* **DATA SHOWN**
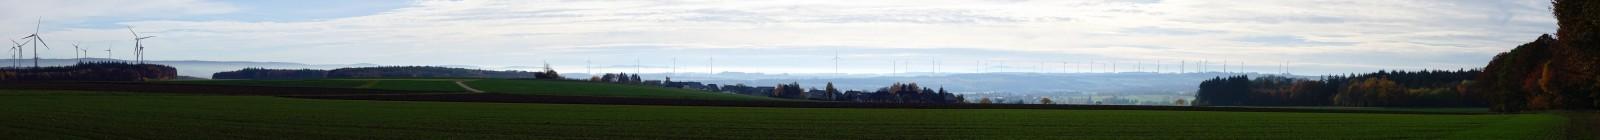 Burgstadtpfad (7)
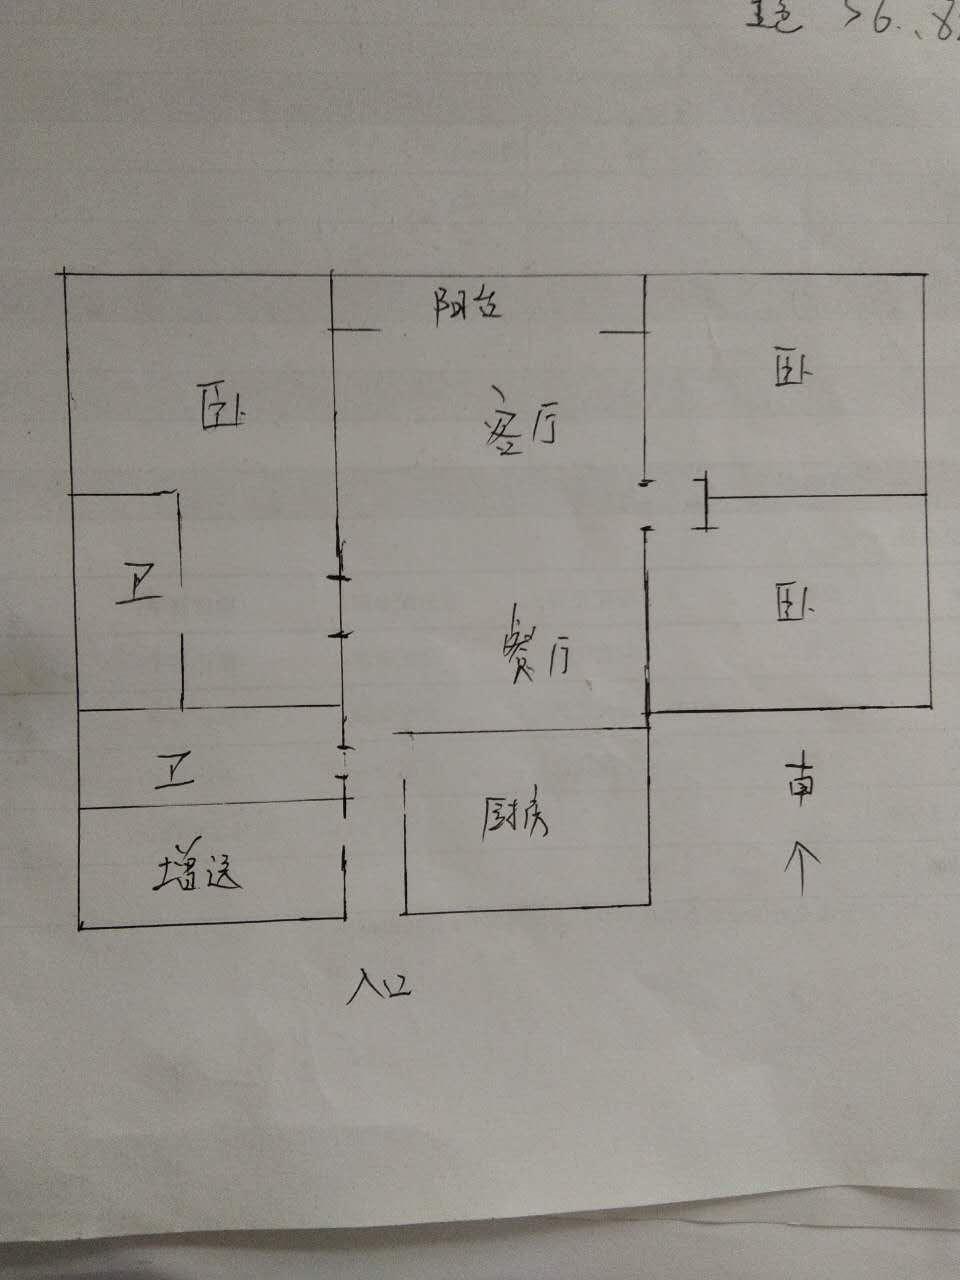 康博公馆 4室2厅 5楼
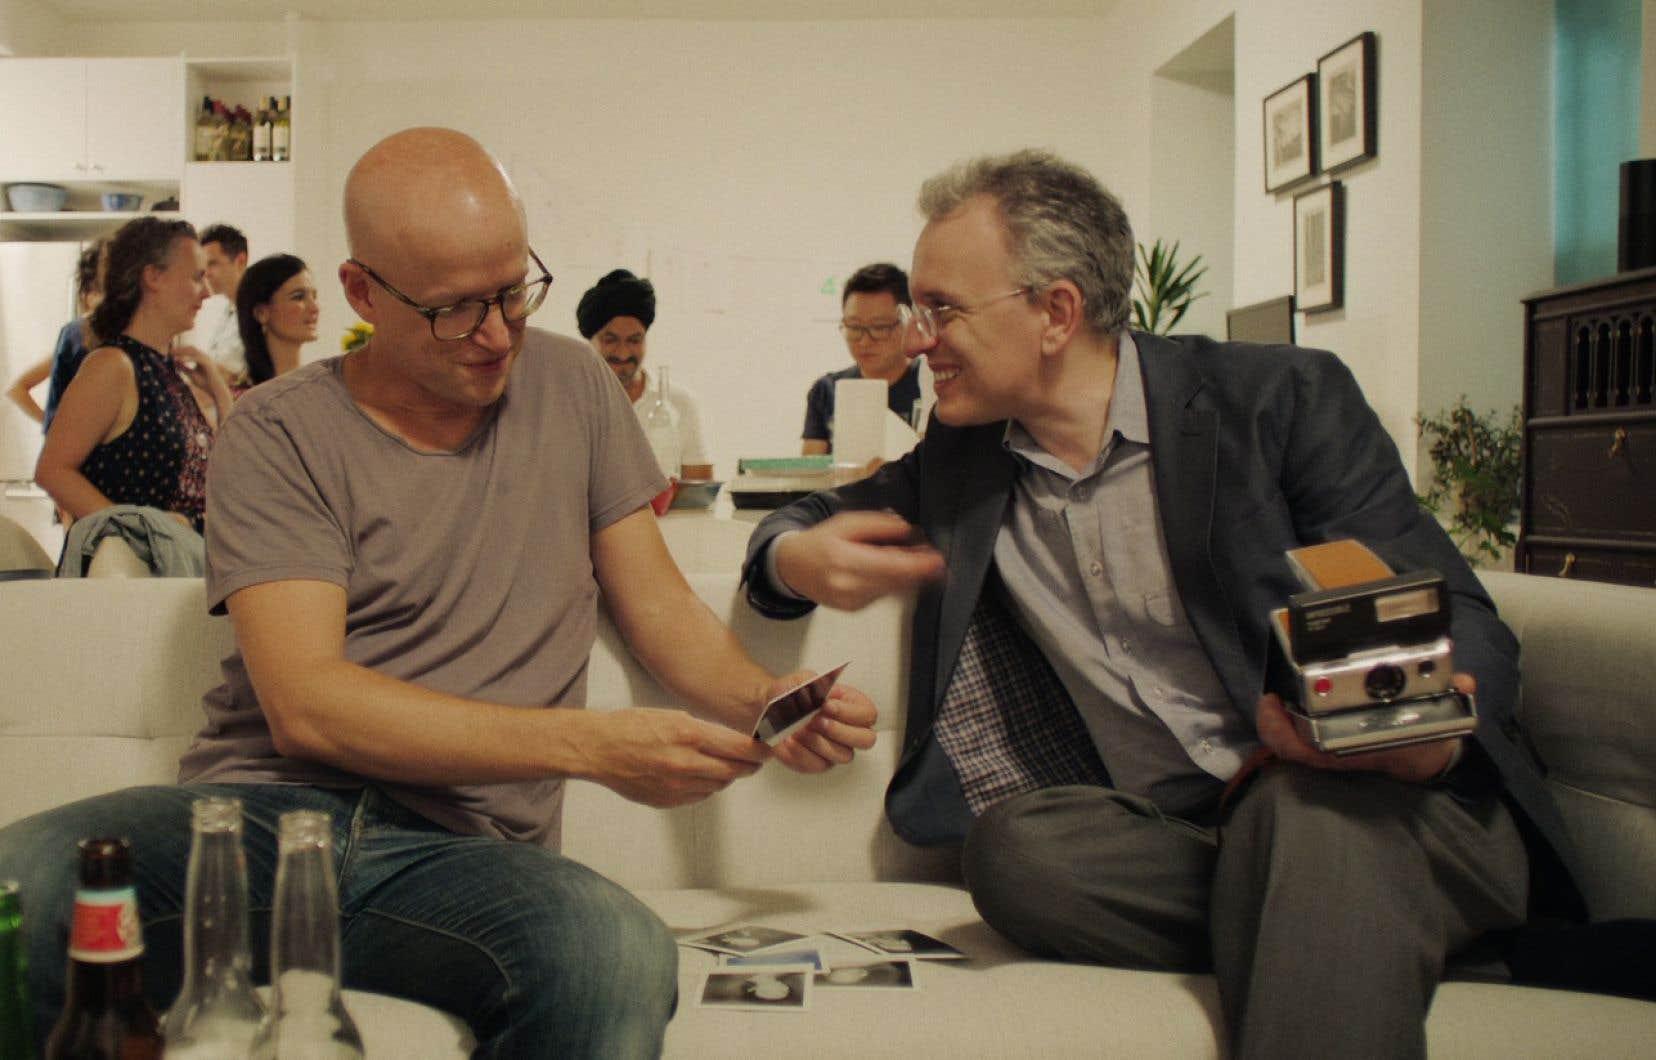 Le documentariste néerlandais partage cette fascination du Polaroïd dans «Instant Dreams», particulièrement pour l'ingénieuse formule chimique mise au point par Edwin Land.

* **WORK ITEM**
The copy must match the listing above exactly but contain no pictures.

* **RESULT OF THIS TASK**
 Burgstadtpfad (7)
 康博公馆 4室2厅 5楼
 Le documentariste néerlandais partage cette fascination du Polaroïd dans «Instant Dreams», particulièrement pour l'ingénieuse formule chimique mise au point par Edwin Land.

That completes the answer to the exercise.